Book Read Free

Double Wide

Page 18

by Leo W. Banks


  “I know a bigwig at Arizona Feeds,” I said. “I’ll get you a brand-new hat. How’s that?”

  “For real? Man, that pleases my heart.”

  Looking for human remains was a grim business, and nothing came of it. That was the way the whole case was going. Rolando’s hand was gone, Angel was gone, and when we got back to Double Wide and I called Roxy for a morning update, she still had nothing to report on Roscoe Rincon.

  This was my day to visit Sam and after that, I had a meeting with Micah Alan Gabriel. Before Roxy and I finished up, she said her time at Skin had produced a lead, and she wanted me to meet her there on the way home from the jail. We set a time.

  I ate lunch, tuna on toast with an apple and lemonade, and I could barely finish. I lit a cigar and stepped outside with Chico bouncing at my heels.

  My mind kept circling through the case and stopping on Detective Benny Diaz.

  With Rolando’s hand in my freezer, I had good reason to keep him at bay. But why now? Rolando’s hand was gone, and with Angel talking, I knew who killed Carlos Alvarez and probably Rolando. If I brought Diaz in on the Alvarez murder, he might turn up something on Rolando’s whereabouts.

  I called him and got his message. “I’ve got a name for you. Roscoe Rincon. He killed Carlos Alvarez. Call me back.”

  My cigar was still burning when George Jones sang “He Stopped Loving Her Today.” Diaz didn’t bother with hello. “I looked up this Rincon. He’s in the system.

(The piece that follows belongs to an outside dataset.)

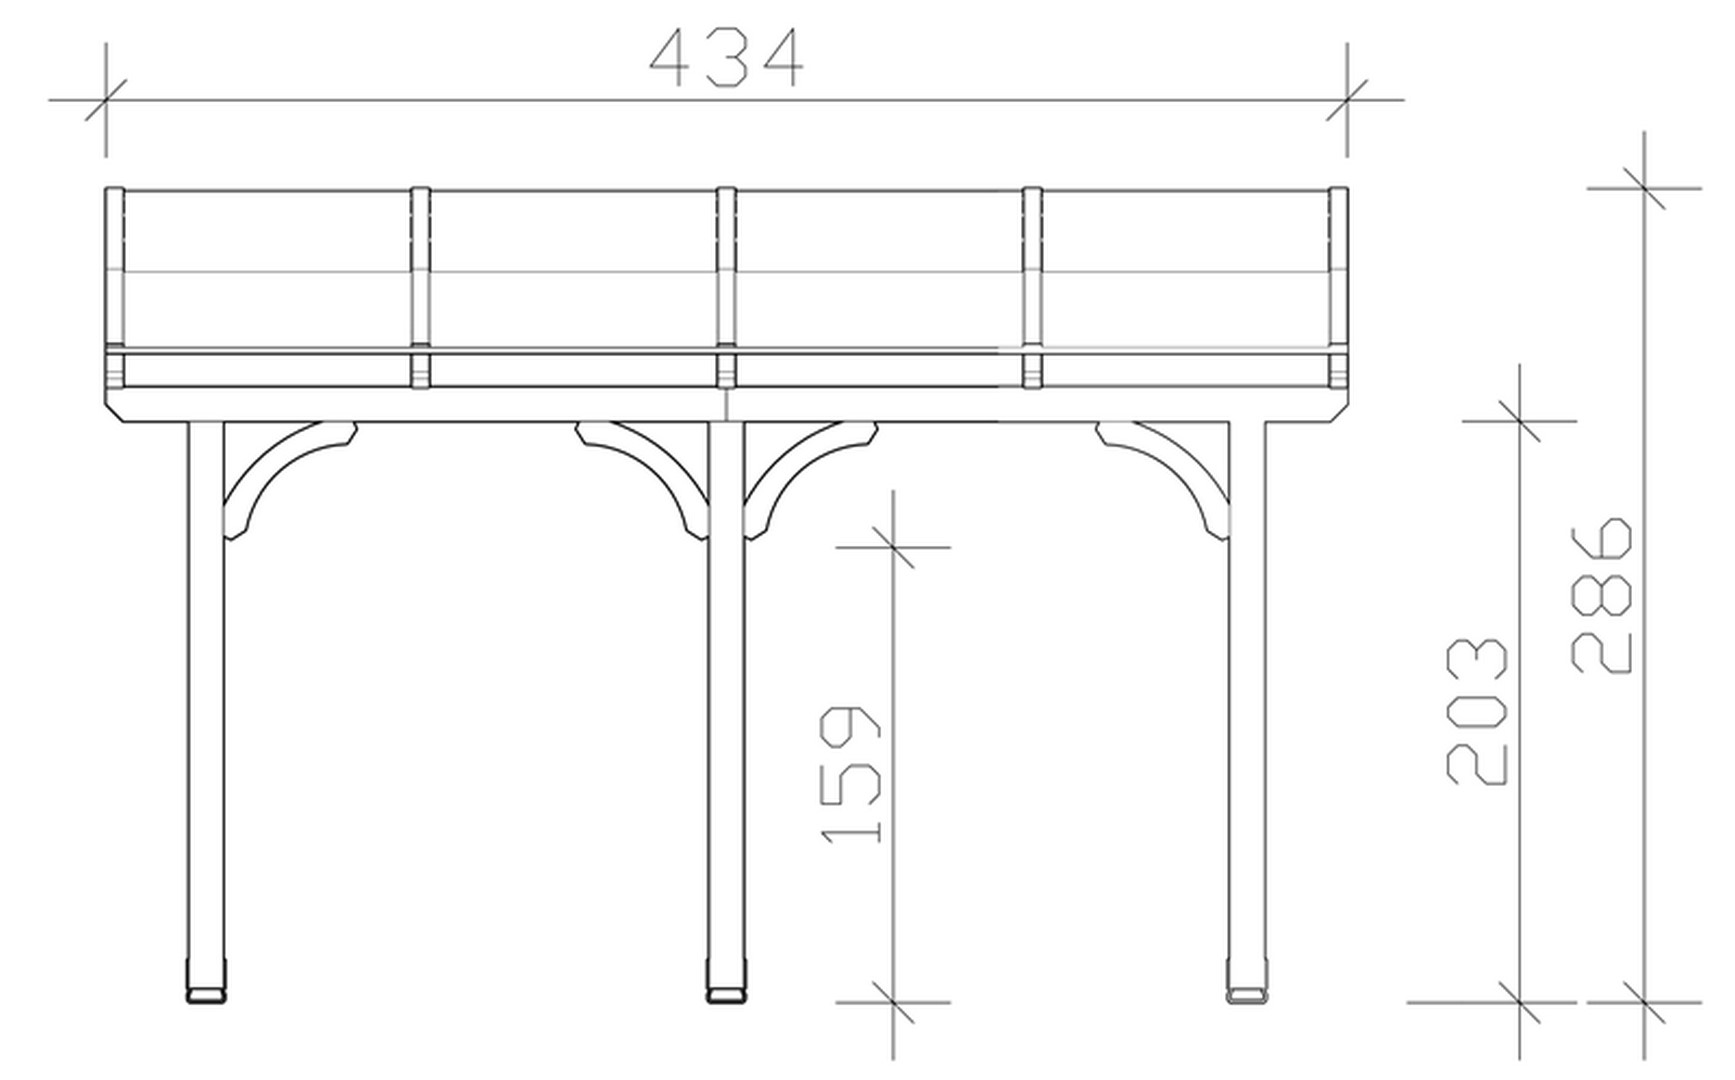 Skan Holz Terrassenüberdachung Venezia 434 x 289 cm, Leimholz, Doppelstegplatten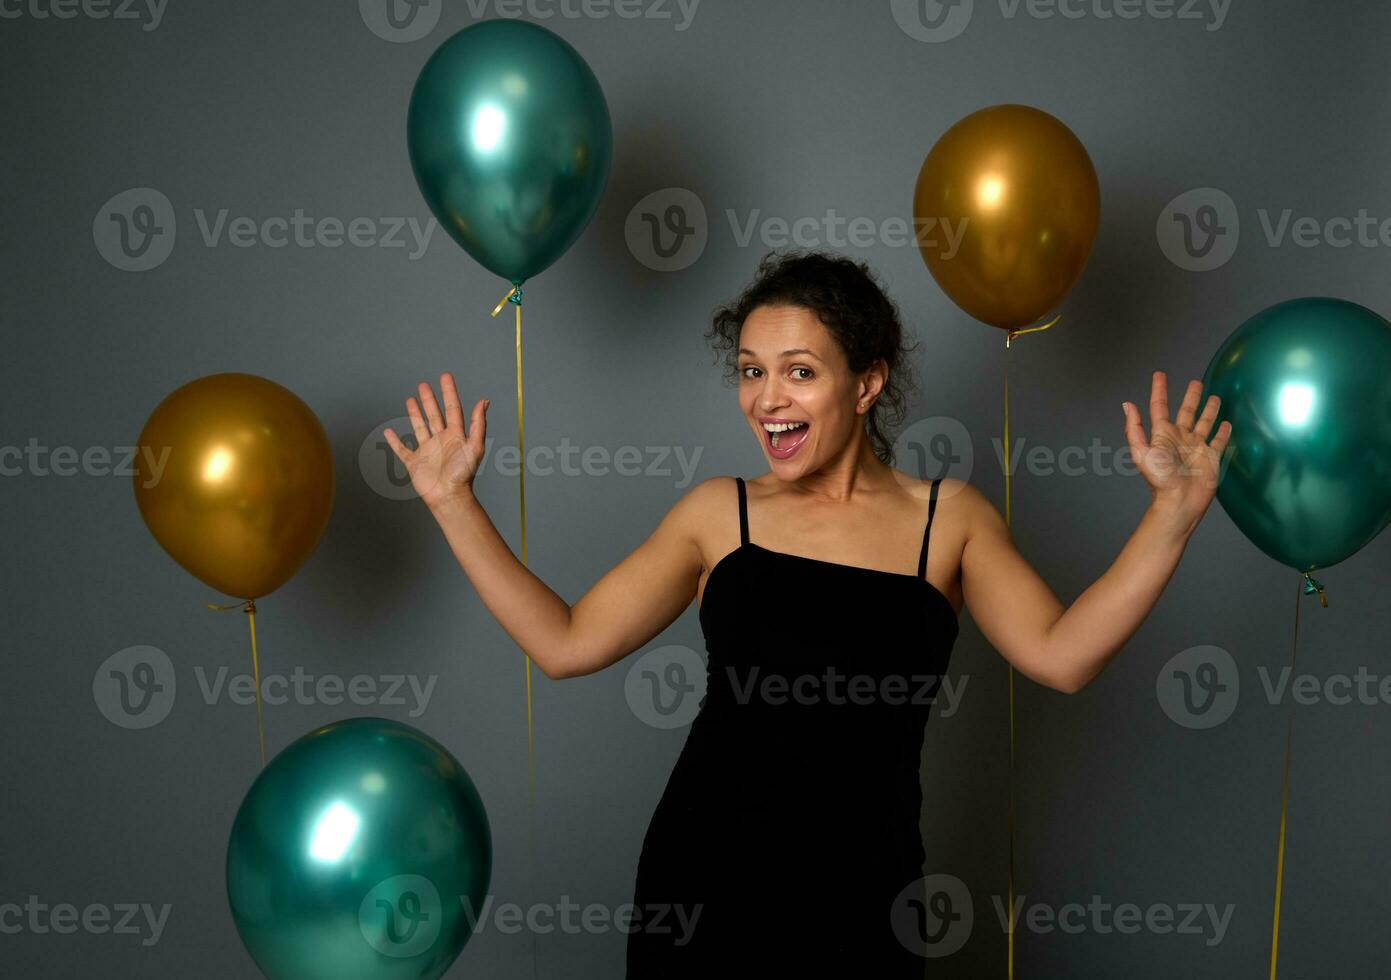 vrolijk jong Latijns vrouw in zwart avond jurk verheugt zich, glimlacht toothy glimlach op zoek Bij camera tegen een feestelijk overladen grijs muur achtergrond met mooi glimmend goud en groen metalen ballonnen foto

How do you know he killed Alvarez?”

  “I’ll give you the information, but I can’t tell you my informant’s name. It has to be confidential.” The odds told me that Angel was likely dead. But if he turned up alive, I didn’t want him and Diaz connecting in any way. I couldn’t trust the kid to keep his mouth shut about the hand.

  “Fine. Everybody has confidential informants these days.” He cleared his throat. “Let’s see. Rincon’s with the Sinaloa Cartel. On the heroin side, a serious player. Thirty-one years of age, five foot six, two hundred and twenty-five pounds. Born, Culiacan, Sinaloa, Mexico.”

  He read the information in rote tones, sipping a drink between starts.

  “Arrested multiple times. A DUI, two ag assaults in Phoenix. Sat for eight months on the first one, four years on the second. The guy’s painted like a peacock. Tats on his neck and arms. He’s got these weird eyes. Like a cat’s.”

  “Color?”

  “It says here brown, but there’s a note about them maybe being red. I’m not sure what that means. Nickname Rojo.”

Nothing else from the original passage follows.